S. Shankar Sastry

Dean, College of Engineering and

Director, Blum Center for Developing Economies

Roy W. Carlson Professor of Engineering

Professor Electrical Engineering & Computer Sciences,

Bioengineering and Mechanical Engineering

University of California, Berkeley

 

S. Shankar Sastry is dean of the College of Engineering at UC Berkeley. Prior to serving as dean he was director of CITRIS (Center for Information Technology in the Interests of Society) an interdisciplinary center spanning UC Berkeley, Davis, Merced and Santa Cruz. In Februrary 2007, he was appointed the Faculty director of the Blum Center for Developing Economies.
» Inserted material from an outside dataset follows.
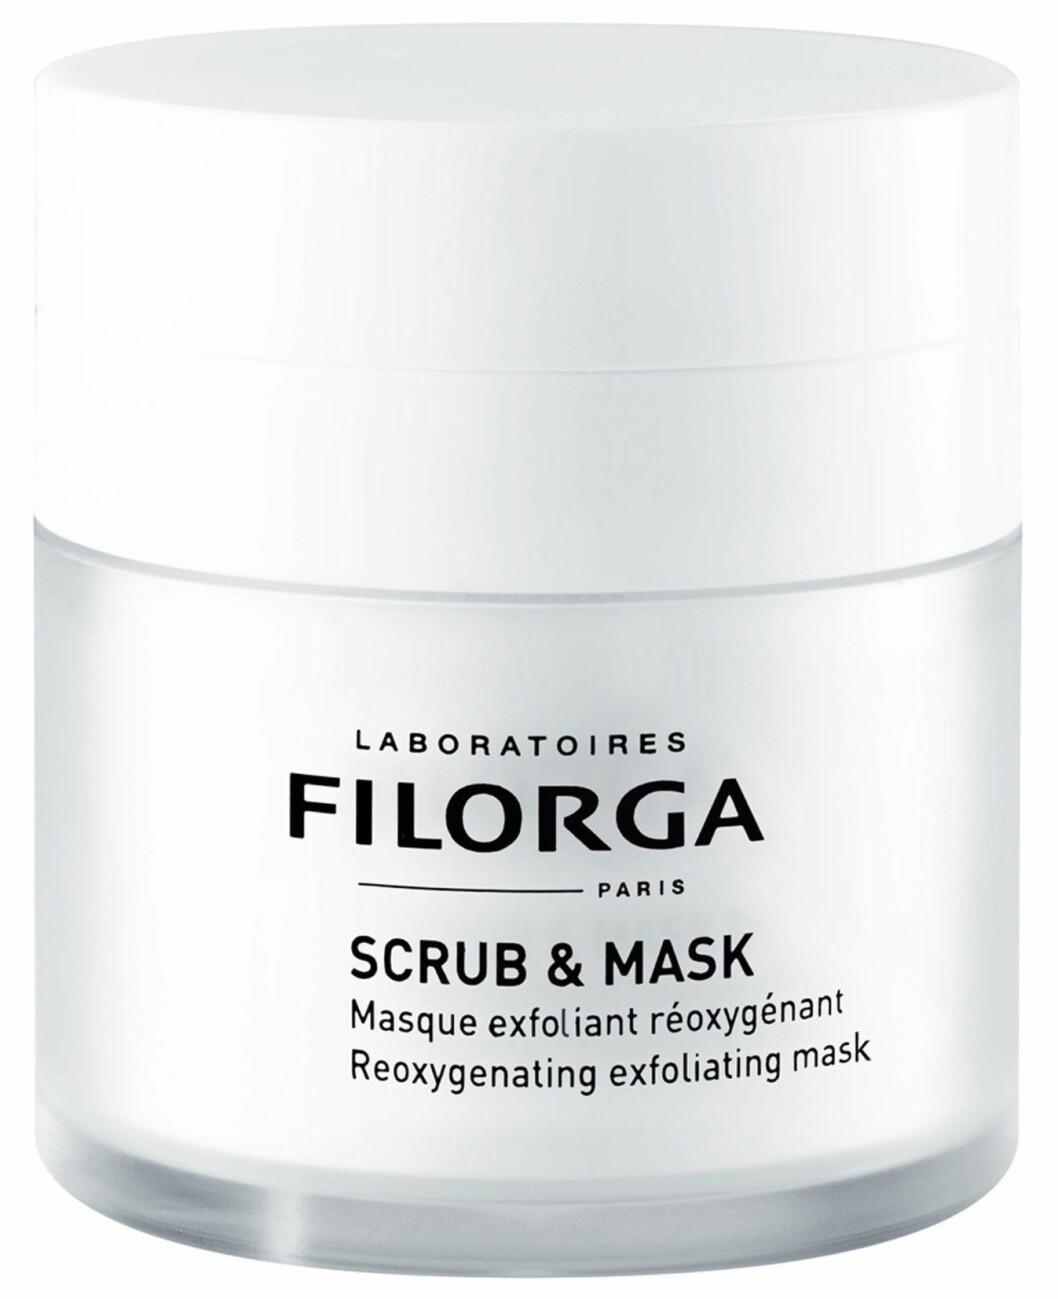 Exfolierande scrub and mask från Filorga.

He chaired the Department of Electrical Engineering and Computer Sciences at UC Berkeley from January, 2001 through June 2004, he was director of the Information Technology Office at DARPA from 1999 to early 2001 and director of the Electronics Research Laboratory at Berkeley, conducting research in electrical, computer sciences and engineering from 1996-1999. 

 

Dr. Sastry received his Ph.D. in 1981 from the UC Berkeley. He was on the faculty of MIT as assistant professor from 1980-82 and at Harvard University as a chaired Gordon Mc Kay professor in 1994. He has held visiting appointments at the Australian National University, Canberra the University of Rome, Scuola Normale and University of Pisa, the CNRS laboratory LAAS in Toulouse (poste rouge), Professor Invite at Institut National Polytechnique de Grenoble (CNRS laboratory VERIMAG), and as a Vinton Hayes visiting fellow at the Center for Intelligent Control Systems at MIT. His areas of personal research are embedded and autonomous software for unmanned systems (especially aerial vehicles), computer vision, computation in novel substrates such as quantum computing, nonlinear and adaptive control, robotic telesurgery, control of hybrid and embedded systems, network embedded systems and software. Most recently he has been concerned with cybersecurity and critical infrastructure protecton, and has helped establish an NSF Science and Technology Center, TRUST (Team for Research in Ubiquitous Secure Technologies)

 

He has coauthored over 350 technical papers and nine books, including Adaptive Control: Stability, Convergence and Robustness (with M. Bodson, Prentice Hall, 1989) and A Mathematical Introduction to Robotic Manipulation (with R. Murray and Z. Li, CRC Press, 1994), Nonlinear Systems: Analysis, Stability and Control (Springer-Verlag, 1999), and An Invitation to 3D Vision:  From Images to Models (Springer Verlag, 2003) (with Y. Ma. S. Soatto, and J. Kosecka). Dr. Sastry served as Associate Editor for numerous publications, including: IEEE Transactions on Automatic Control; IEEE Control Magazine; IEEE Transactions on Circuits and Systems; the Journal of Mathematical Systems, Estimation and Control; IMA Journal of Control and Information; the International Journal of Adaptive Control and Signal Processing; Journal of Biomimetic Systems and Materials. He is currently an Associate Editor of the IEEE Proceedings.

 

Dr. Sastry was elected to the National Academy of Engineering in 2001 and to the American Academy of Arts and Sciences (AAAS) in 2004.  He is on the Technical Advisory Group of the President’s Council of Advisors on Science and Technology. He was on the US Air Force Science Board from 2003-2006, and is chairman of the board of the International Computer Science Institute. He is also a member of the boards of the Federation of American Scientists and ESCHER (Embedded Systems Consortium for Hybrid and Embedded Research). Among his many honors, he received the President of India Gold Medal in 1977, the IBM Faculty Development award for 1983-1985, the NSF Presidential Young Investigator Award in 1985, the Eckman Award of the of the American Automatic Control Council in 1990, the Ragazzini Award for Distinguished Accomplishments in teaching in 2005, an M. A. (honoris causa) from Harvard in 1994, Fellow of the IEEE in 1994, the distinguished Alumnus Award of the Indian Institute of Technology in 1999, and the David Marr prize for the best paper at the International Conference in Computer Vision in 1999.

 

He has supervised more than 50 doctoral students to completion and over 50 MS students. His students now occupy leadership roles in several locations and on the faculties of many major universities in the United States and abroad.